# Delta "custom fit" supplies



## mwilliams28 (Mar 31, 2015)

I have been installing Delta faucets with the built in grey plastic "custom fit" supplies for a number of years - lately these have been included in even high end models- and I considered them to be sufficiently reliable and even @#$%& proof. Due to a pump control problem my install in a 6 bathroom home was tested today with +150 p.s.i. ranges and I received a call back only for failures in these supplies (luckily someone was home). I believe there would have been no issues if a braided compression supply had been used. 

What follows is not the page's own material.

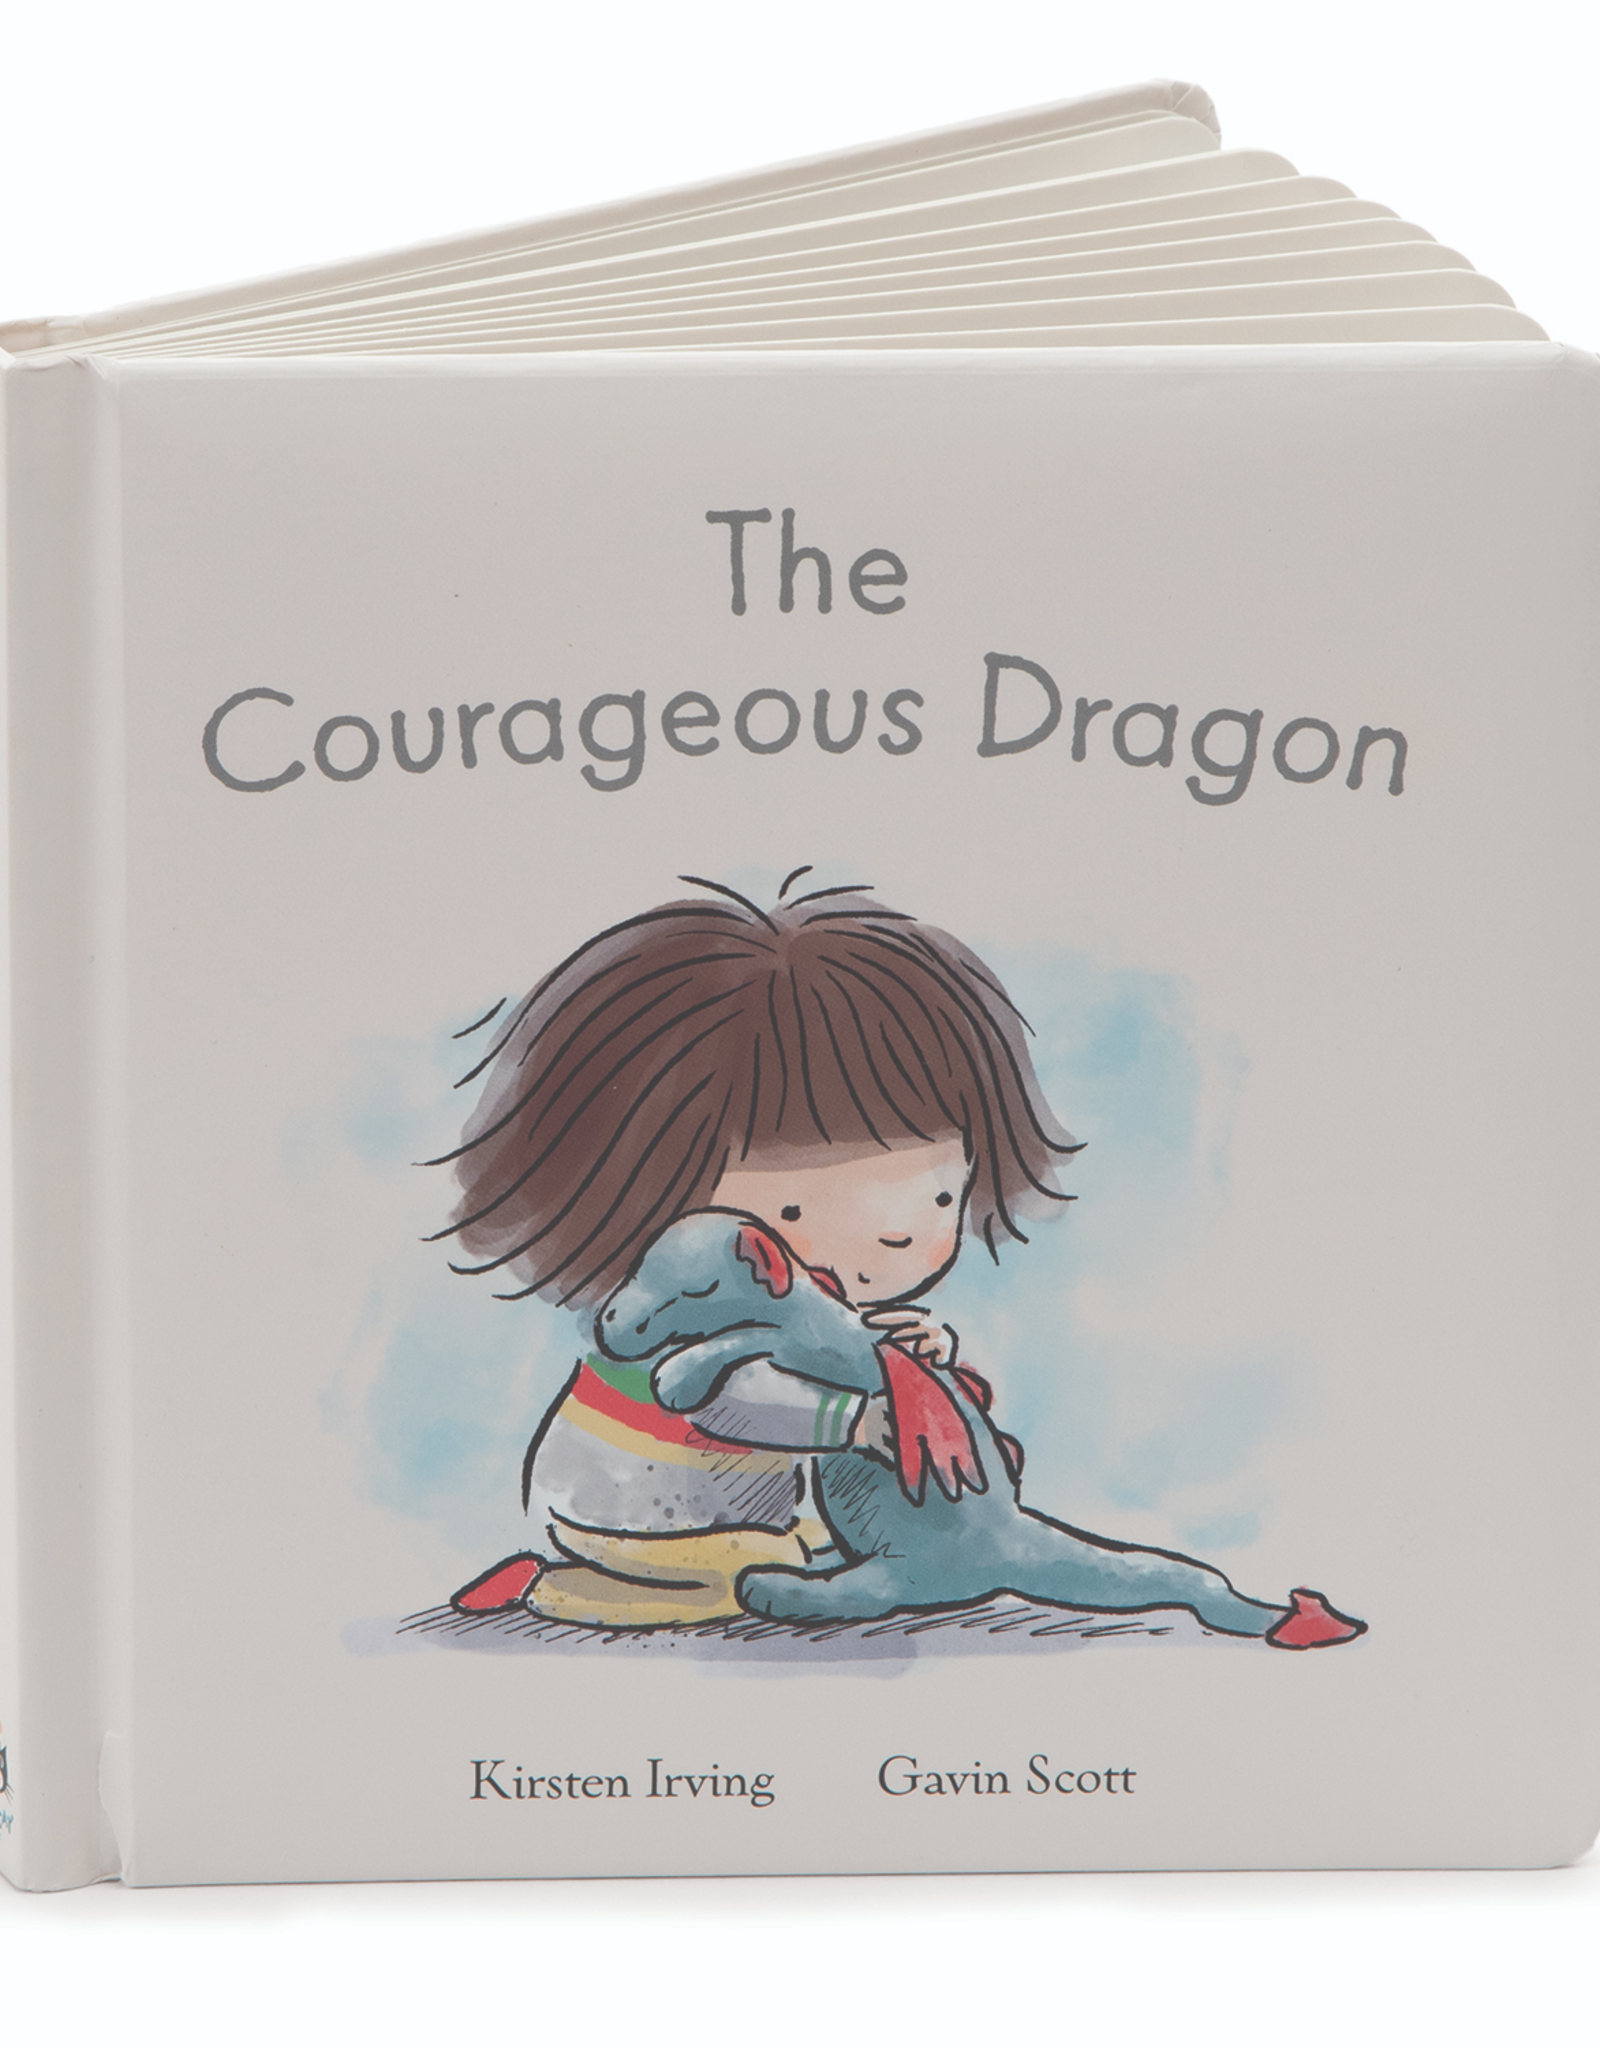 The Courageous Dragon Book by Kirsten Irving and Gavin Scott

Within hours, I was called to flood in a basement apartment for the same reason. The grey plastic pipe in both cases had slipped passed the ferrule and caused the joint to fail, but this time it was working under normal 50 p.s.i. pressure regulated conditions. It appeared manufacturers instructions were followed on these two joints. 

Anyone else?


----------



## rjbphd (Feb 5, 2010)

mwilliams28 said:


> I have been installing Delta faucets with the built in grey plastic "custom fit" supplies for a number of years - lately these have been included in even high end models- and I considered them to be sufficiently reliable and even @#$%& proof. Due to a pump control problem my install in a 6 bathroom home was tested today with +150 p.s.i. ranges and I received a call back only for failures in these supplies (luckily someone was home). I believe there would have been no issues if a braided compression supply had been used.
> 
> Within hours, I was called to flood in a basement apartment for the same reason. The grey plastic pipe in both cases had slipped passed the ferrule and caused the joint to fail, but this time it was working under normal 50 p.s.i. pressure regulated conditions. It appeared manufacturers instructions were followed on these two joints.
> 
> Anyone else?


Why u think u have to post three same messages on different page??


----------



## chonkie (Jul 31, 2014)

An intro is requested before you get an outro.


----------



## mwilliams28 (Mar 31, 2015)

rjbphd said:


> Why u think u have to post three same messages on different page??


I think I was looking for other peoples experiences with the product. First time using the internet I guess.


----------